Au programme de ce mois de février, De sel et fumée, d'Agathe Saint-Maur, La vengeance m'appartient, de Marie NDiaye et Les fugitives. Partir ou mourir en Arabie saoudite, d'Hélène Coutard.
De sel et de fumée, d'Agathe Saint-Maur
Il y a celles et ceux qui vivent d’amour et d’eau fraîche, et celles et ceux qui vivent « de sel et de fumée ». Question d’énergie. Une caractéristique qui ne manque ni à ce premier roman, ni à ses deux protagonistes majeurs : Samuel et Lucas. Nous sommes ici en 2013, la loi Taubira se heurte à La Manif pour tous, pour qui la communauté gay est une cible. Lucas s’y heurte souvent, qui milite à Action antifasciste Paris-banlieue (groupe médiatisé lors de l’affaire Clément Méric). Samuel, lui, est d’une gauche qui vote mais ne s’engage pas. Les deux étudient à Sciences Po. Ils vont se rencontrer, se désirer, s’aimer. Mais quelque chose s’est passé, et Lucas est mort. Subtil, le récit alterne, entre des chapitres au passé – récent –, où le survivant se souvient (les discussions, les engueulades), et des chapitres sur le deuil toujours impossible. Il est question d’engagement, mais aussi de deux femmes que chacun des garçons aimait aussi. Avant. Aussi rageur qu’émouvant, ce premier roman rappelle ceux de Cyril Collard, il y a trente ans. Pourtant, Agathe Saint-Maur (pseudo) n’en a que 26. Et signe là un grand roman d’amour. H.A.

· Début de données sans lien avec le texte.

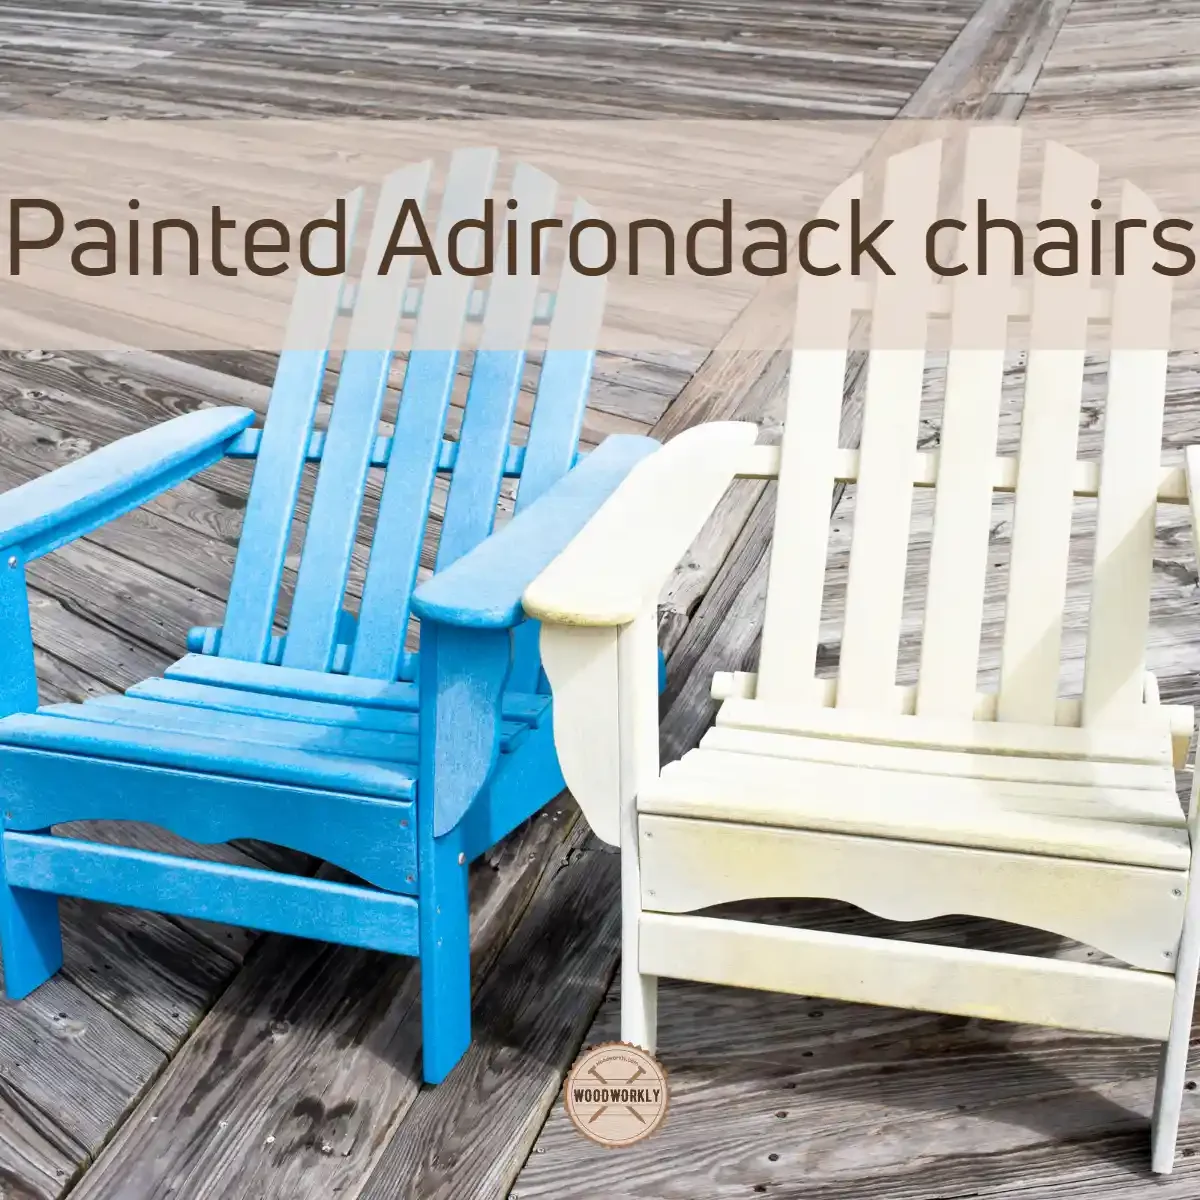 Painted Adirondack chairs

La vengeance m'appartient, de Marie NDiaye
Dans nombre de ses onze romans, la lauréate du Goncourt 2009 a mis en scène des protagonistes qui croisaient des fantômes de leur passé. Comme eux, l’héroïne de ce nouveau livre, Me Susane, se demande pourquoi elle croit reconnaître ce Gilles Principaux, qui, dès la première page, vient lui demander de défendre son épouse, laquelle vient de commettre… un triple infanticide. Et pourquoi il l’a choisie, elle, avocate peu expérimentée, célibataire qui s’occupe parfois de la fille de son ex-boyfriend ? Là où beaucoup auraient troussé une histoire qui révèle la clé de l’affaire, Marie NDiaye fait l’inverse : elle zoome sur les rapports sans cesse asymétriques entre les personnages. Pour mieux nous montrer l’horrible de cette histoire – qu’il vous appartiendra de voir –, par une écriture aussi belle que précise et incisive. H.A.

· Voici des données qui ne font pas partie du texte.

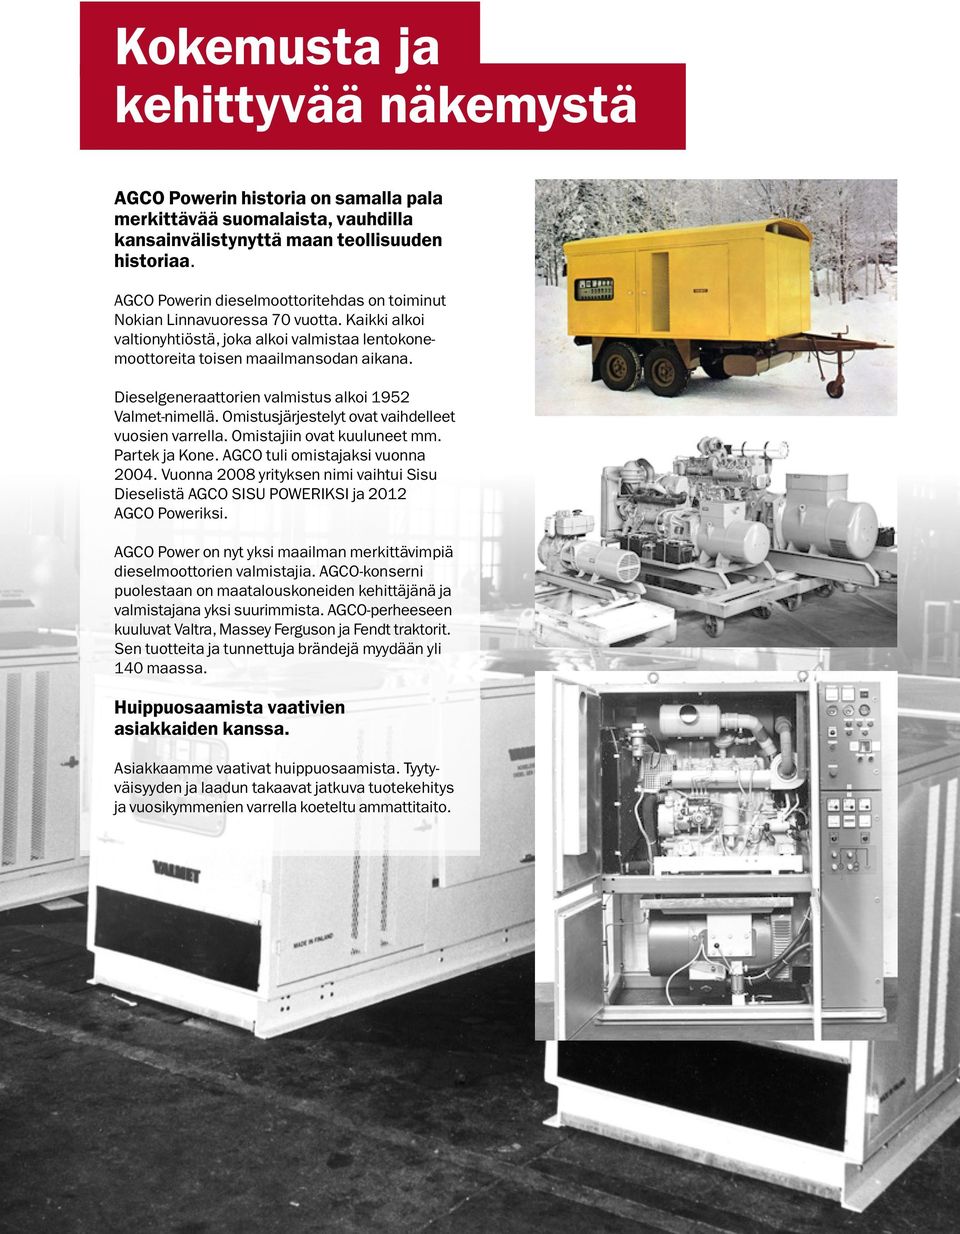 Dieselgeneraattorien valmistus alkoi 1952 Valmet-nimellä. Omistusjärjestelyt ovat vaihdelleet vuosien varrella. Omistajiin ovat kuuluneet mm. Partek ja Kone. AGCO tuli omistajaksi vuonna 2004.

Les fugitives. Partir ou mourir en Arabie saoudite, d'Hélène Coutard .
Il y a Julia, qui a couru jusqu’au poste de police de Roissy le jour de son voyage de noces pour échapper à son mari de quarante ans son aîné. Il y a Sara et Munira, deux sœurs qui ont embarqué dans un avion vers Tbilissi avant de regagner la France, au péril de leur vie. Il y a Selma et Reda, un couple d’amoureux trop libéraux pour s’aimer librement qui décident de s’exfiltrer vers le Canada. Il y a Robin, jeune lesbienne, qui vit dans la rue en Grande-Bretagne, mais préférerait mourir que de regagner son pays. Hélène Coutard, journaliste à Society a rencontré ces femmes saoudiennes qui, pour échapper aux mariages forcés, à l’interdiction de conduire ou à l’impossibilité de marcher dans la rue sans un tuteur, n’ont d’autre choix que de tout quitter du jour au lendemain. Une enquête passionnante, très humaine, et qui se lit comme un roman. S.G.